Activity: Your copy should match the listing below exactly, except that it holds no images.

*** Collected data Section Begins ***

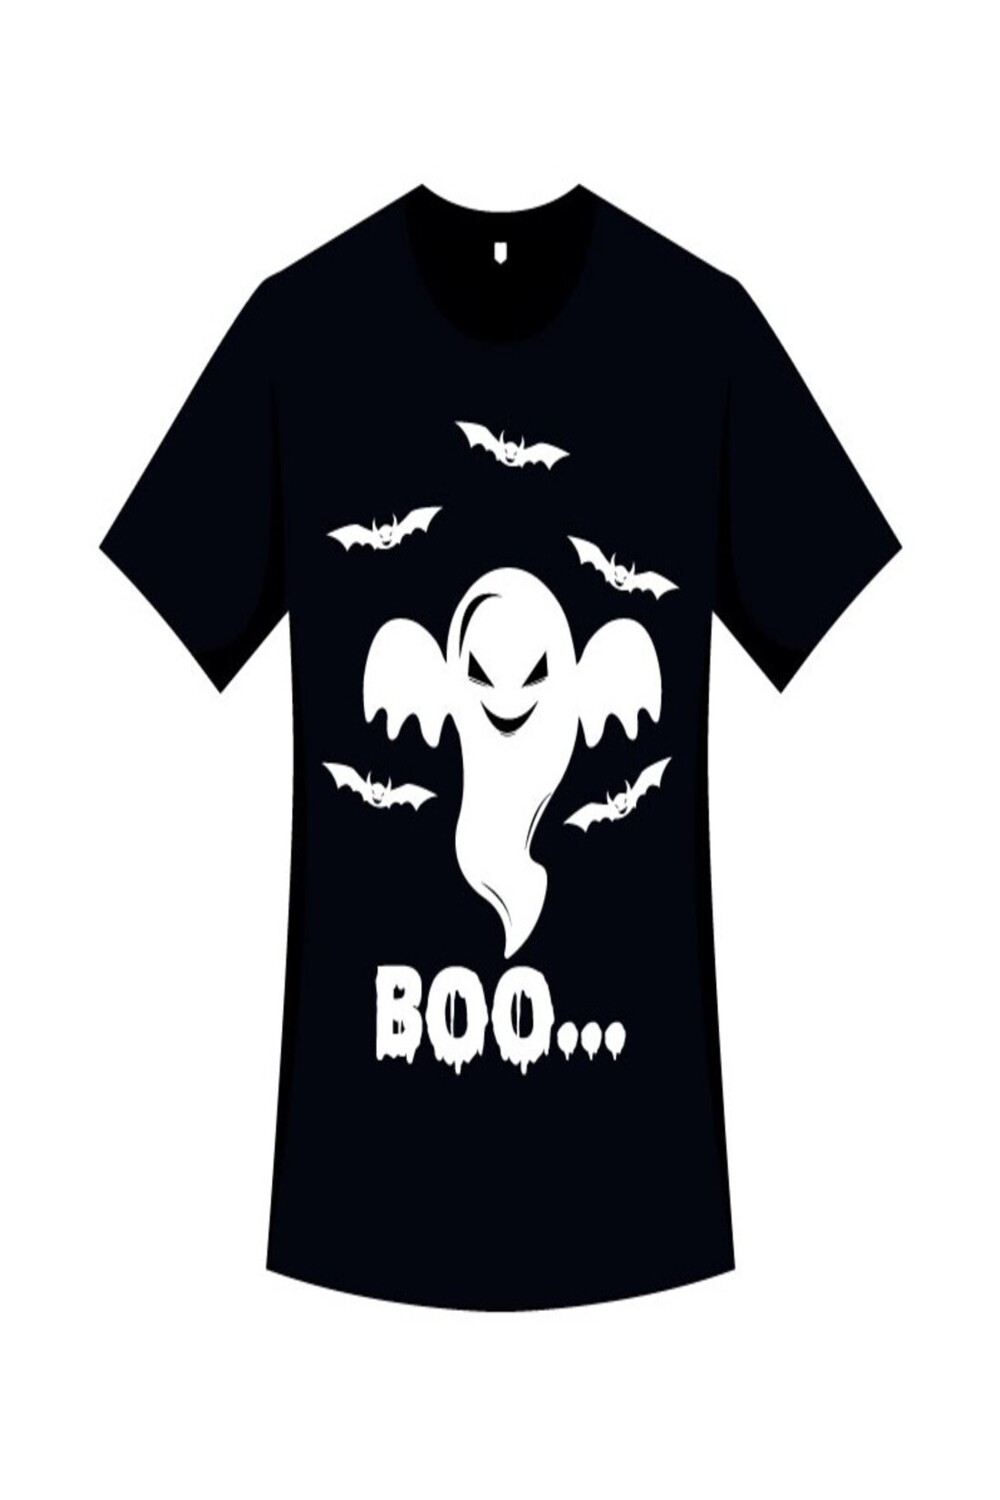 Halloween Black and White T-shirt Graphics Pinterest image.
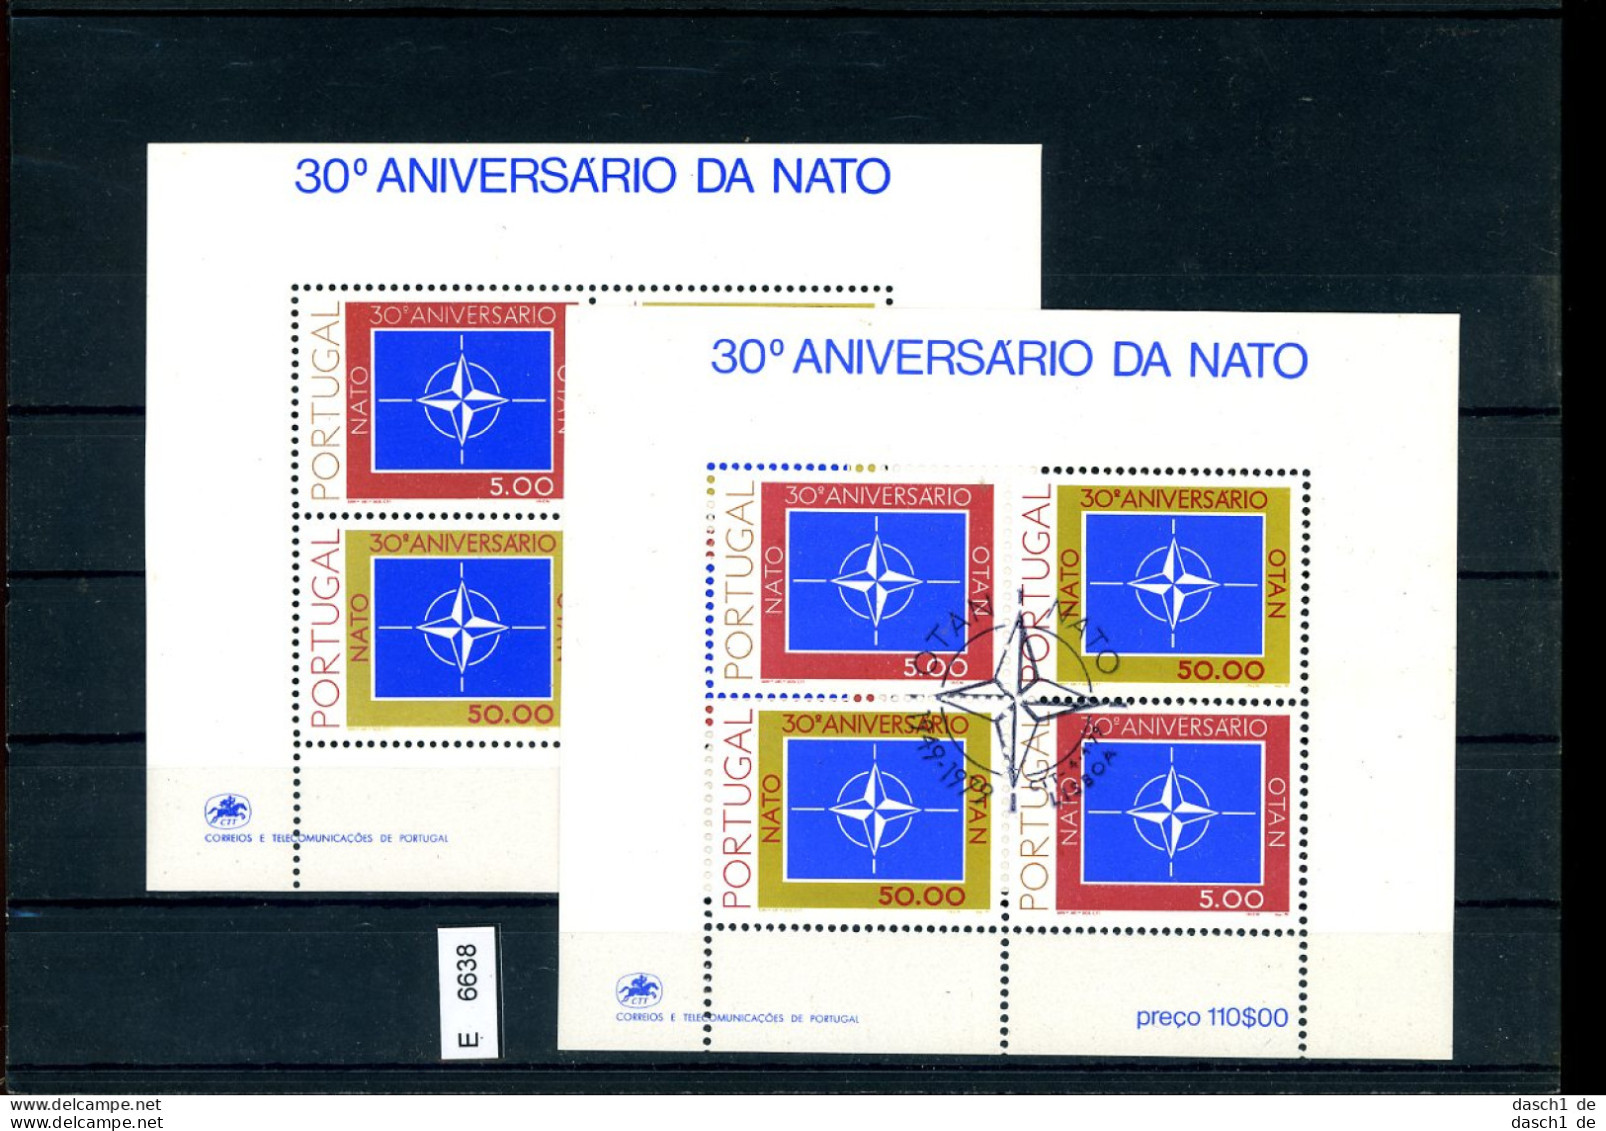 Portugal xx, o, 10 Lose u.a. ATM FDC 1984
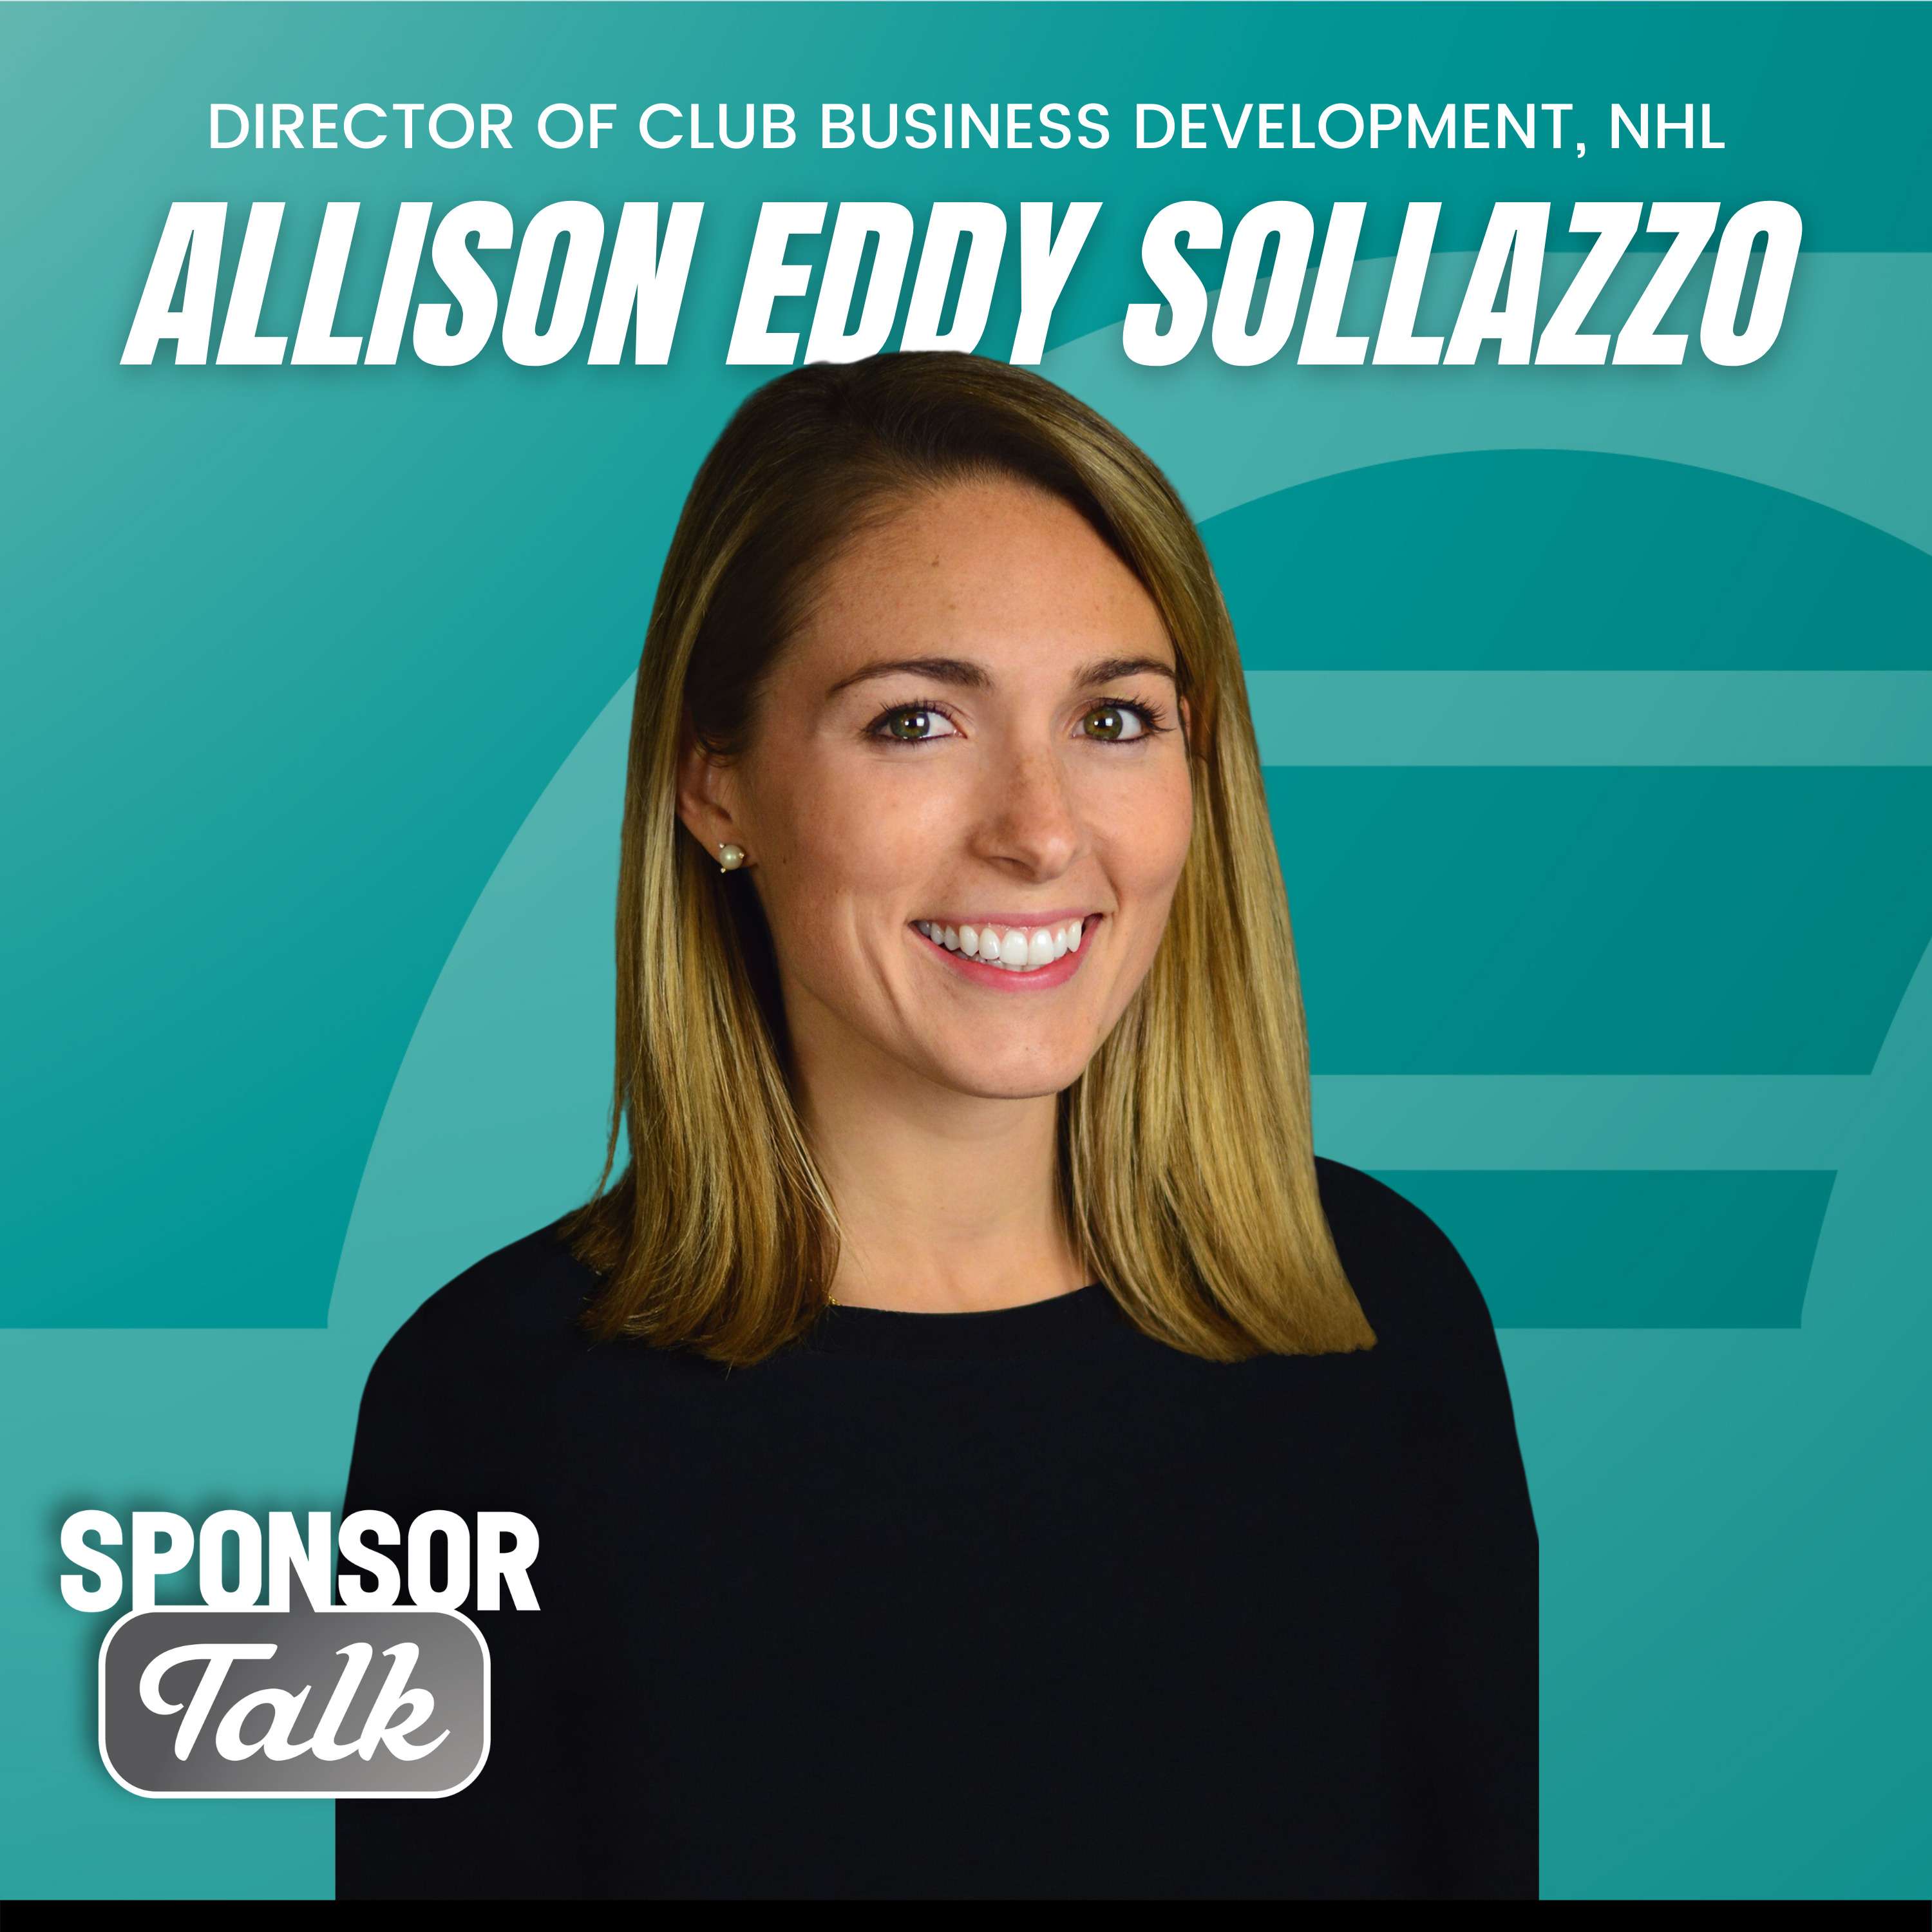 Allison Eddy Sollazzo | Director of Club Business Development, NHL

*** Collected data Section Ends ***

Result:
 Halloween Black and White T-shirt Graphics Pinterest image.
 Portugal xx, o, 10 Lose u.a. ATM FDC 1984
 Allison Eddy Sollazzo | Director of Club Business Development, NHL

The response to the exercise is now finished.